With less than 200 registered radiologists nationwide — or roughly one radiologist per 500,000 Tanzanians — the health system has much work ahead before the country meets the world’s benchmark rate: one radiologist serving 50,000 people.

RAD-AID in Tanzania

RAD-AID in Tanzania has grown to five program sites — Arusha, Moshi, Mwanza, Dar es Salaam, and Zanzibar —  which span from education, to service delivery, to technical assistance in diagnostic radiology and nuclear medicine. RAD-AID supports the development of advanced cross-sectional imaging by training radiologists, sonographers, nuclear medicine professionals, and radiologic technologists.

Radiology residents from KCMC at their new workstations

Moshi

RAD-AID’s program of support in Tanzania includes Kilimanjaro Christian Medical Centre (KCMC) in Moshi, a teaching hospital with 600 beds located in the foothills of the eponymous mountain.
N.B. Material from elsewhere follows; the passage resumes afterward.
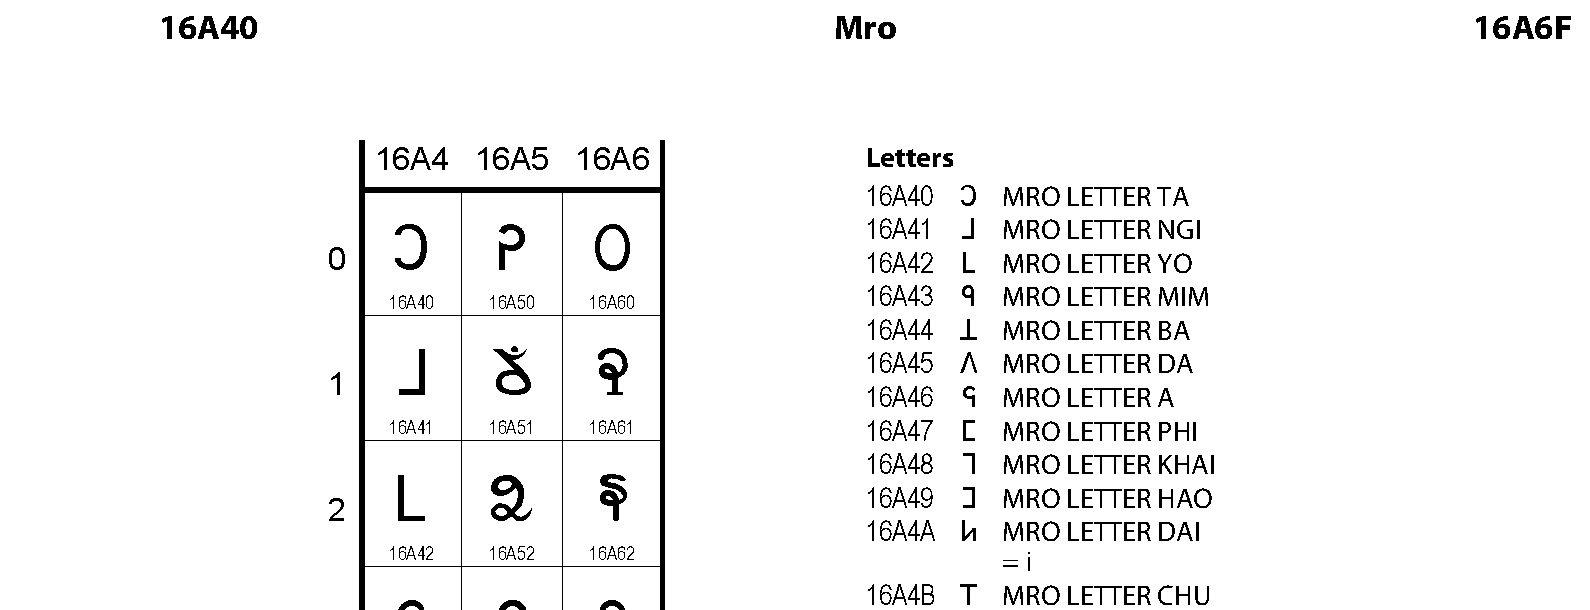 Unicode - Mro

KCMC’s radiology department has a state-of-the-art CT scanner,  a 1.5T MRI unit, as well as 3 new DR x-ray suites. It also has a radiology residency program and ultrasound certificate program, both supported by RAD-AID.

Dar es Salaam

RAD-AID has established partnerships in Dar es Salaam with three major hospitals that include diagnostic imaging, nuclear medicine imaging, and radiation oncology.

Zanzibar

RAD-AID Volunteer in Zanzibar

RAD-AID established a partnership with Mnazi Mmoja Referral Hospital in Stonetown, Zanzibar in support of radiology capacity building on the archipelago. Additionally, RAD-AID established a partnership with Ampola Tasakhtaa Hospital also located in Stonetown, Zanzibar in support of breast imaging, where the island’s only mammography unit is located, servicing a population of over 1 million.

Arusha

In 2015, RAD-AID partnered with NSK Hospitals Limited (NSKHL) in Arusha to help build a diagnostic radiology center. RAD-AID volunteer radiologists, technologists, sonographers, and nurses have periodically provided technical assistance to NSKHL staff.
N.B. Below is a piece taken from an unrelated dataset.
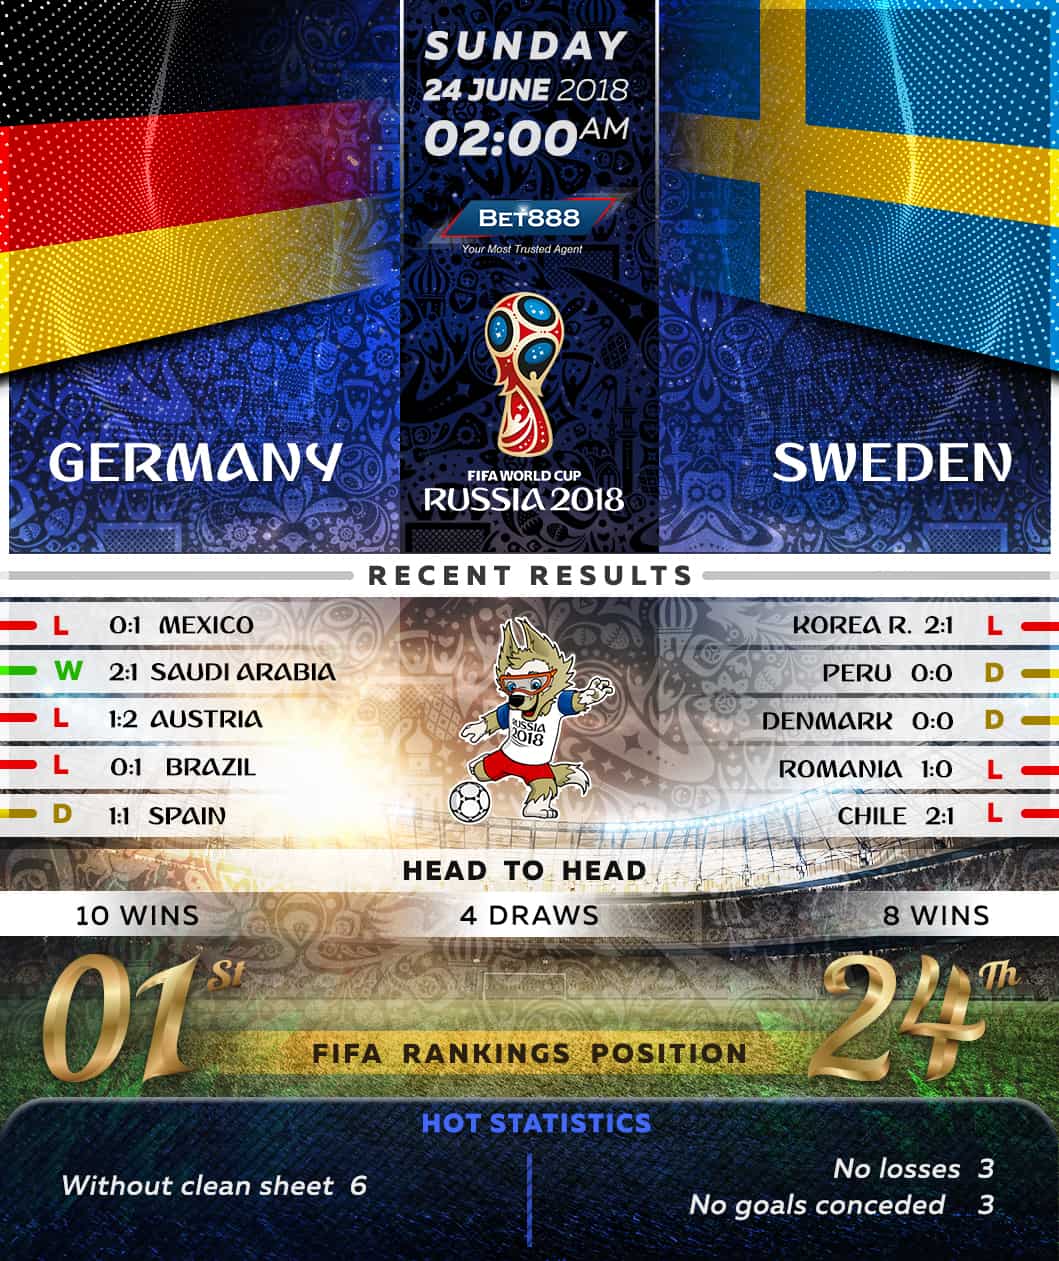 Germany vs Sweden 24/06/18

RAD-AID volunteer working in CT with KCMC staff.

Mwanza

RAD-AID first started working at Mwanza’s Bugando Medical Centre (BMC) in 2017, to lend support to the budding radiation oncology department. Since then, BMC’s department of radiology has reached out to RAD-AID to provide radiology residency support stemming from the success of the partnership with KCMC in Moshi.

Partnerships

In 2022, Siemens Healthineers issued a press release highlighting the partnership with RAD-AID to support African countries, specifically Kenya, Ghana, and Tanzania.